Each document has a left and right field that represent its position in the tree. The left and right values are assigned in a way that guarantees that the range between left and right contains all the descendants of the node. For example, the top level comment has a left of 1 and a right of 12, which means that all its descendants have a left value greater than 1 and a right value less than 12. The first comment has a left of 2 and a right of 5, which means that all its descendants have a left value greater than 2 and a right value less than 5. The second comment has a left of 6 and a right of 9, which means that all its descendants have a left value greater than 6 and a right value less than 9. And so on.

Array of Ancestors

One approach is to use the Array of Ancestors model, which involves adding an ancestors array to each document in the tree that contains the IDs of all its ancestors.

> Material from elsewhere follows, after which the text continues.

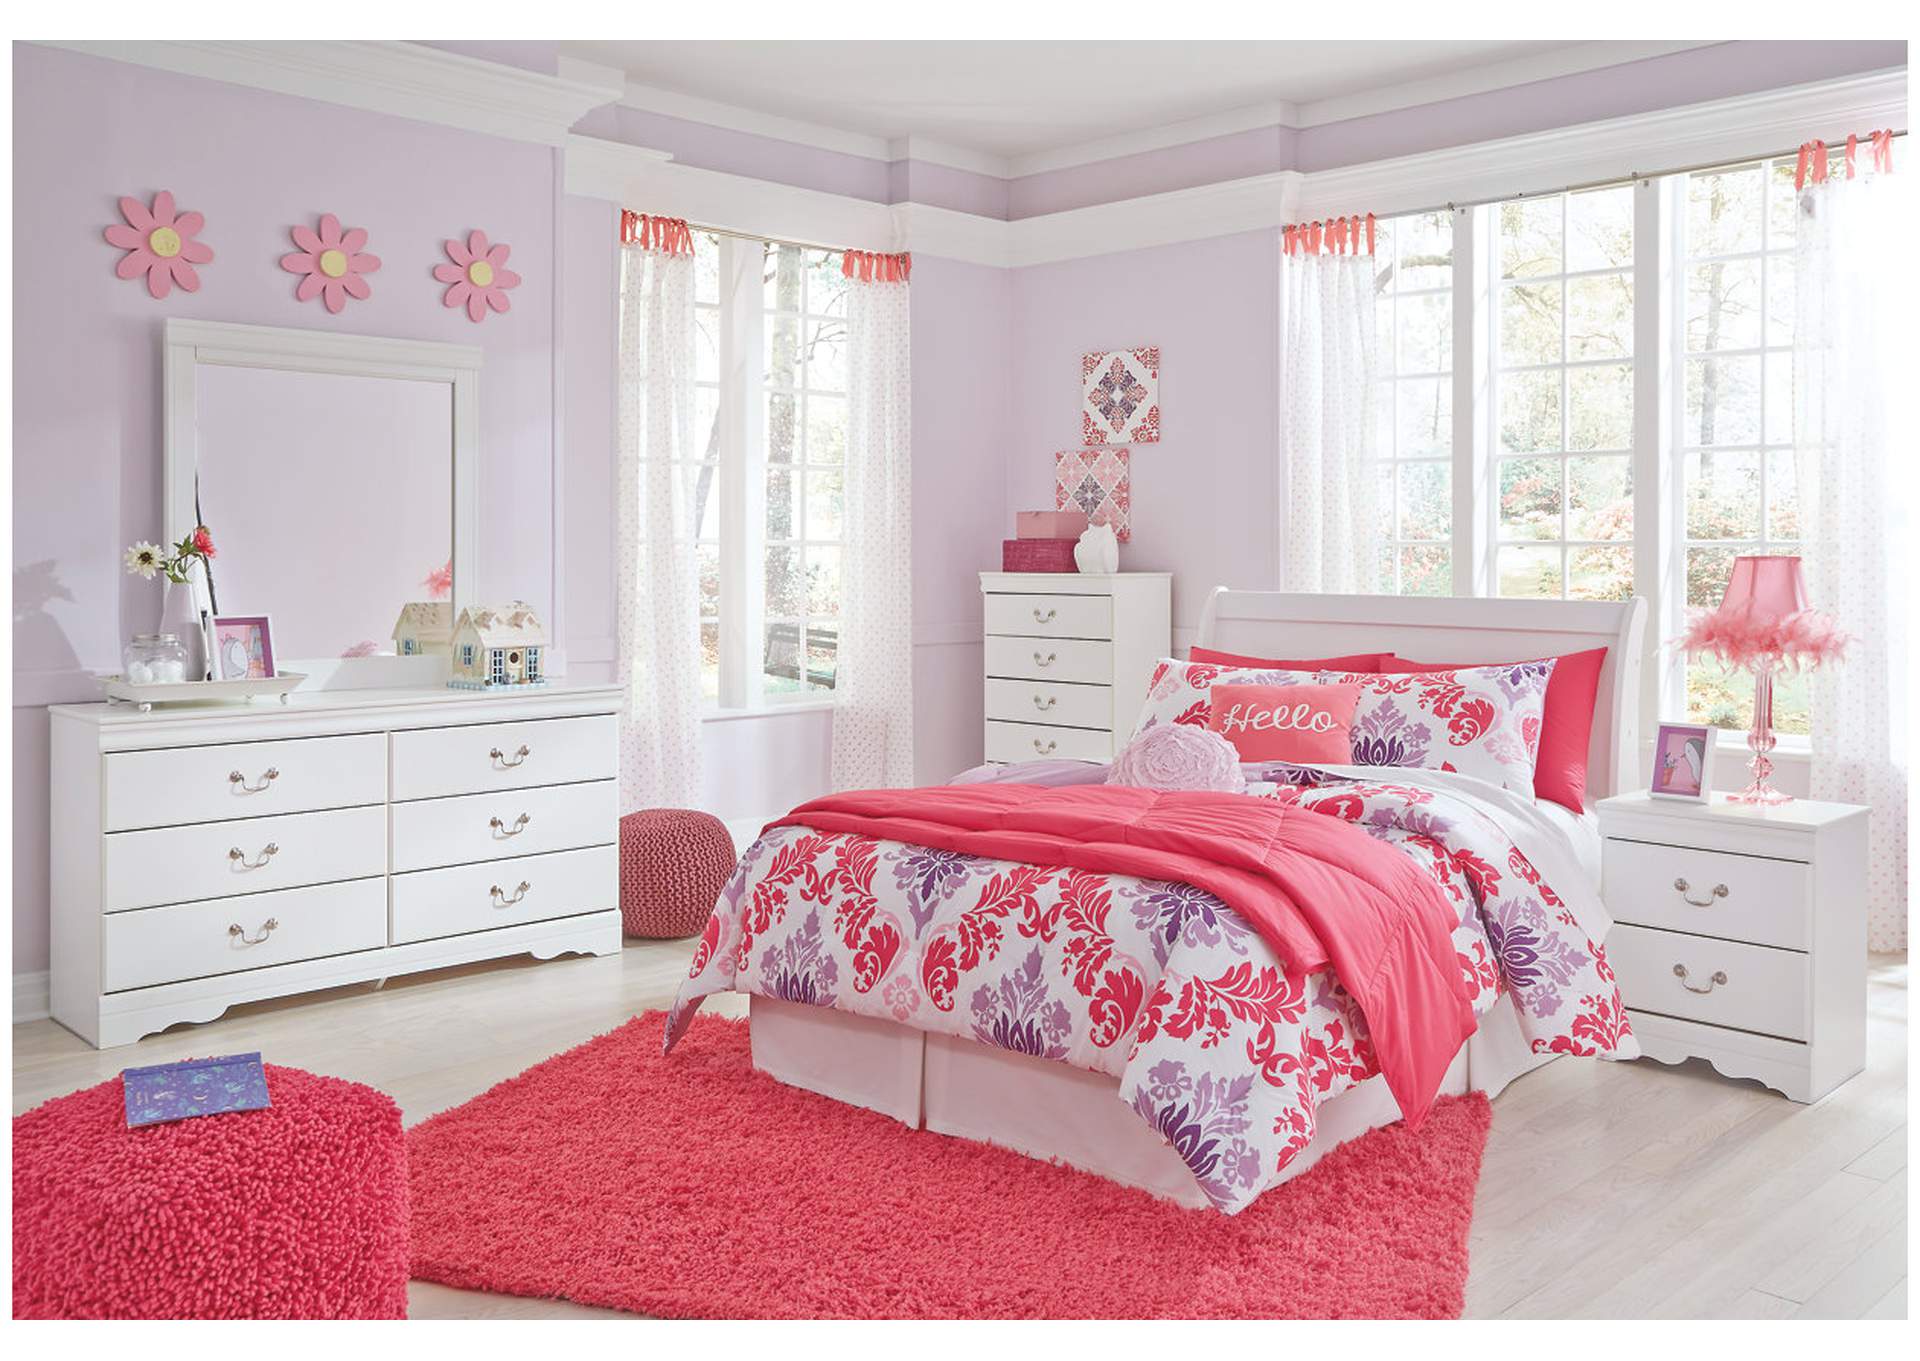 Anarasia Full Sleigh Headboard Bed with Mirrored Dresser,Signature Design By Ashley

Here’s an example to demonstrate how the Array of Ancestors model works. Let’s say we have a simple tree structure consisting of comments on a blog post. Each comment can have zero or more child comments, forming a hierarchy. The top level comments have no parent and form the root of the tree. Here’s what the tree might look like:

Top Level Comment 1 (_id:60925b2f912bf6f590cdd3a3)
|
├── Reply to Comment 1 (_id:60925b8a912bf6f590cdd3a6)
|   ├── Reply to Comment 2 (_id:60925b9c912bf6f590cdd3a7)
|   |   └── Reply to Comment 3 (_id:60925bb4912bf6f590cdd3a8)
|   └── Reply to Comment 2 (_id:60925bc4912bf6f590cdd3a9)
|
Top Level Comment 2 (_id:60925bd5912bf6f590cdd3aa)

In this example, Comment 1 is the top level comment and has two children (Comment 2 and Comment 6). Comment 2 has two children (Comment 3 and Comment 5), and Comment 3 has one child (Comment 4).

To represent this tree using the Array of Ancestors model, we would add an ancestors field to each comment document that contains an array of ancestor IDs. For example:

{
  "_id": ObjectId("60925b2f912bf6f590cdd3a3"),
  "ancestors": [], // no ancestors, this is the top level comment
  "text": "This is a top level comment"
},
{
  "_id": ObjectId("60925b8a912bf6f590cdd3a6"),
  "ancestors": [
    ObjectId("60925b2f912bf6f590cdd3a3")
  ],
  "text": "This is a reply to the first comment"
},
{
  "_id": ObjectId("60925b9c912bf6f590cdd3a7"),
  "ancestors": [
    ObjectId("60925b2f912bf6f590cdd3a3"),
    ObjectId("60925b8a912bf6f590cdd3a6")
  ],
  "text": "This is a reply to the second comment"
},
{
  "_id": ObjectId("60925bb4912bf6f590cdd3a8"),
  "ancestors": [
    ObjectId("60925b2f912bf6f590cdd3a3"),
    ObjectId("60925b8a912bf6f590cdd3a6"),
    ObjectId("60925b9c912bf6f590cdd3a7")
  ],
  "text": "This is a reply to the third comment"
},
{
  "_id": ObjectId("60925bc4912bf6f590cdd3a9"),
  "ancestors": [
    ObjectId("60925b2f912bf6f590cdd3a3"),
    ObjectId("60925b8a912bf6f590cdd3a6")
  ],
  "text": "This is a reply to the second comment"
},
{
  "_id": ObjectId("60925bd5912bf6f590cdd3aa"),
  "ancestors": [], // no ancestors, this is the top level comment
  "text": "This is a top level comment"
}

Each document has an ancestors field that contains an array of object IDs representing all its ancestors in the tree, starting from the top level comment and ending with its immediate parent. For example, the first comment has an empty ancestors array because.